Department of Human Factors Engineering, Ulsan National Institute of Science and Technology, Ulsan 44919, Korea.
Sensors (Basel). 2020 Sep 29;20(19):5576. doi: 10.3390/s20195576.
The oddball paradigm used in P300-based brain-computer interfaces (BCIs) intrinsically poses the issue of data imbalance between target stimuli and nontarget stimuli. Data imbalance can cause overfitting problems and, consequently, poor classification performance. The purpose of this study is to improve BCI performance by solving this data imbalance problem with sampling techniques. The sampling techniques were applied to BCI data in 15 subjects controlling a door lock, 15 subjects an electric light, and 14 subjects a Bluetooth speaker. We explored two categories of sampling techniques: oversampling and undersampling. Oversampling techniques, including random oversampling, synthetic minority oversampling technique (SMOTE), borderline-SMOTE, support vector machine (SVM) SMOTE, and adaptive synthetic sampling, were used to increase the number of samples for the class of target stimuli.
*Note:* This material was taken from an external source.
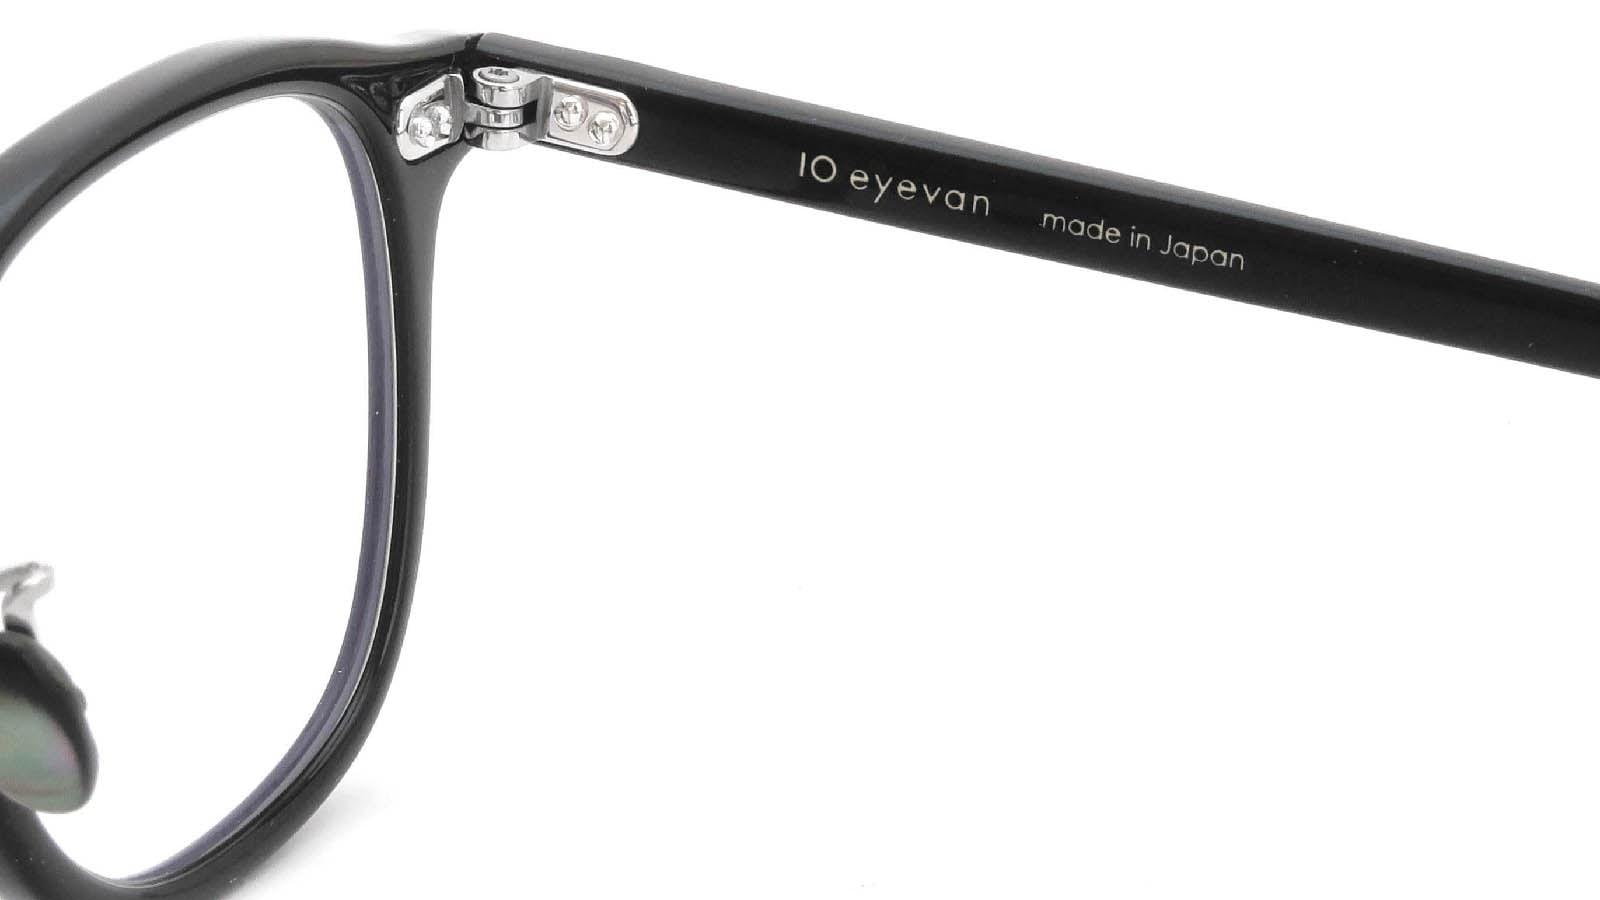 10 eyevan NO.7 Ⅲ 45size  c.1002S Black 11

Undersampling techniques, including random undersampling, neighborhood cleaning rule, Tomek's links, and weighted undersampling bagging, were used to reduce the class size of nontarget stimuli. The over- or undersampled data were classified by an SVM classifier. Overall, some oversampling techniques improved BCI performance while undersampling techniques often degraded performance. Particularly, using borderline-SMOTE yielded the highest accuracy (87.27%) and information transfer rate (8.82 bpm) across all three appliances. Moreover, borderline-SMOTE led to performance improvement, especially for poor performers. A further analysis showed that borderline-SMOTE improved SVM by generating more support vectors within the target class and enlarging margins. However, there was no difference in the accuracy between borderline-SMOTE and the method of applying the weighted regularization parameter of the SVM. Our results suggest that although oversampling improves performance of P300-based BCIs, it is not just the effect of the oversampling techniques, but rather the effect of solving the data imbalance problem.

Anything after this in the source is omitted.